Ainsi qu’on a pu le voir, en ce qui concerne le COVID-19, quelles étaient-elles, ces « données acquises », au moment du pic de l’épidémie ? Elles étaient nulles. Certains ajouteront « dans tous les sens du terme », mais de notre point de vue, le problème n’est pas qu’elles étaient absentes, le problème est que les praticiens, en tout cas médiatiques, avaient une fâcheuse tendance à prétendre qu’ils savaient au lieu d’admettre qu’ils ne savaient pas. Ainsi, ils trouvaient. Au lieu de chercher.
On a évoqué dans ce blog un potentiel effet d’aubaine de la période du confinement pour le pouvoir politique, qui pourrait rétrécir les libertés publiques pour des motifs autres que ceux liés à la maladie (nous ferons le point dans un prochain billet). Il est évident que ce risque existe aussi du côté de la médecine, même si c’est par essence de façon moins systémique.
C’est en fait le principal risque d’injustice lorsqu’on parle de la responsabilité médicale en période de COVID : voir des médecins qui ont prétendu savoir pendant des semaines, voire des mois, prétendre qu’ils ne savaient rien lorsque leur responsabilité est engagée.
En ce qui concerne l’aléa thérapeutique, il faut tout d’abord rappeler que l’ONIAM est un organisme financé par la puissance publique. La réparation de l’erreur médicale non fautive est donc financée par la solidarité nationale. Cela risque de provoquer une différence d’indemnisation entre le juge judiciaire (qui se prononce sur le cas qu’on lui présente) et le juge administratif (qui prend en compte l’intérêt général, voir le précédent article de la section : Les EHPAD et le COVID).
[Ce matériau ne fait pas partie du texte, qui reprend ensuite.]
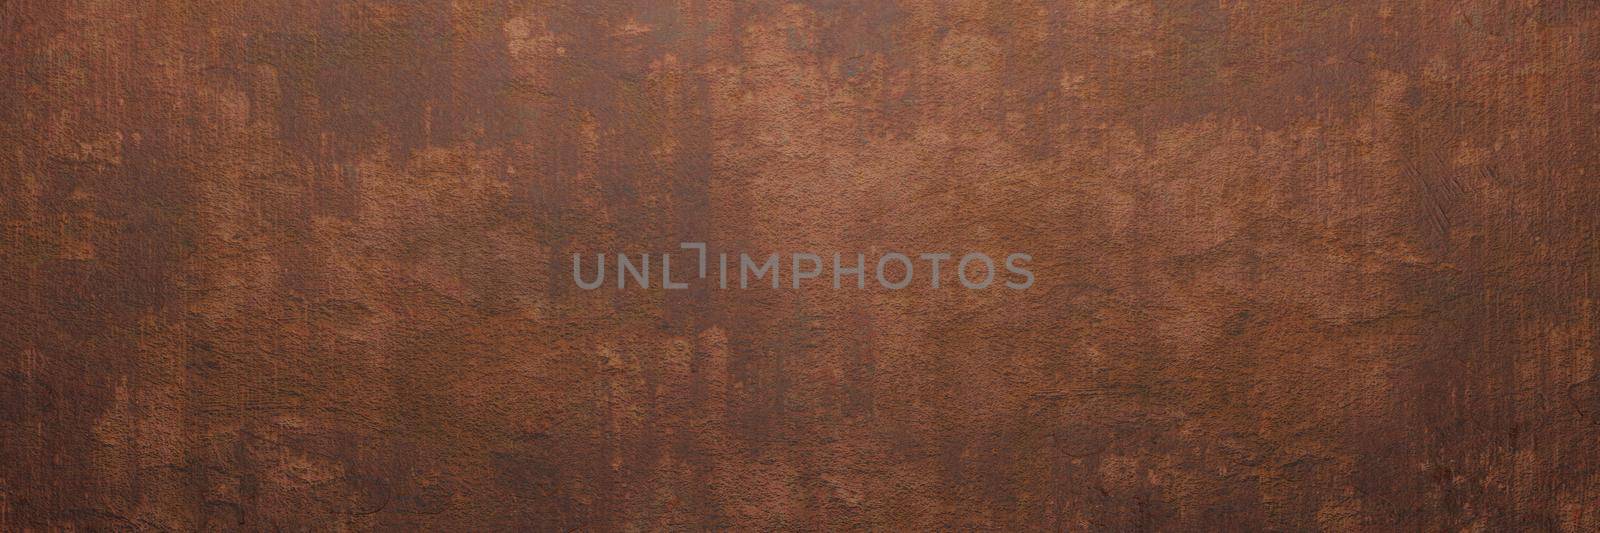 Wheathered rust and scratched steel texture background. 3d illustration by Taut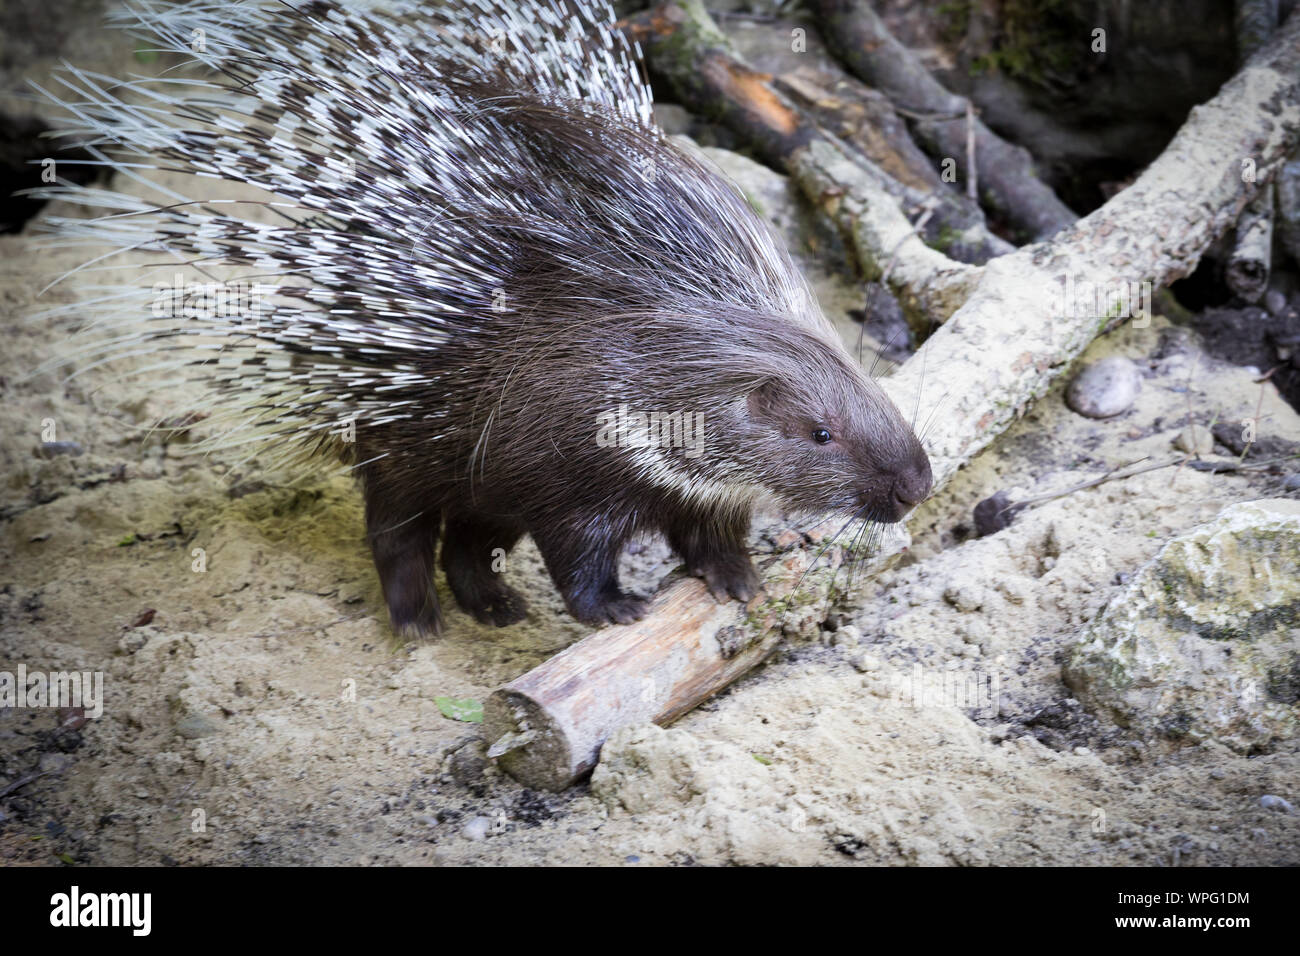 Spiky Indian Crested Porcupine ((Hystrix indica) standing on Sandy Ground. Stock Photo

Ensuite, l’imprévisibilité du pronostic des patients pourrait jouer, mais cette fois-ci en faveur des patients : en cas d’erreur, il sera extrêmement compliqué, dans un premier temps, de démontrer que le patient n’aurait pas souffert des dommages constatés ou aurait moins souffert en l’absence d’intervention du praticien, puisque tout malade peut potentiellement mourir du virus, en tout cas à l’heure où l’on écrit ces lignes. Mais ici, on pourrait le démontrer rétroactivement. L’aléa thérapeutique n’est pas lié aux données acquises de la science, et rappelons que le délai pour demander réparation de son dommage est de dix ans à compter de la consolidation de son état (c’est-à-dire à partir du moment où les dommages se stabilisent, ou disparaissent). Dans cette hypothèse, pourraient se présenter des cas où la science sera, à terme, capable de dire que cette personne ne risquait finalement pas grand-chose sans intervention, comme certaines personnes ont pu être atteintes par le virus sans ressentir autre chose qu’une petite fatigue.
D’ailleurs, nous ne connaissons pas, nous semble-t-il, les raisons de tant de disparités entre personnes, alors que probablement elles seront découvertes à terme, espérons rapidement.
Malgré tout, en période de COVID, la responsabilité médicale répond aux situations classiques, en sanctionnant des services des hôpitaux, des médecins, des infirmières, des services de secours en cas de faute simple ou grave selon les cas. Mais les incertitudes y étant plus importantes, la responsabilité pour des cas spécifiques de COVID pourrait être plus compliquée à rechercher. Mais pas impossible. Ce sera au cas par cas.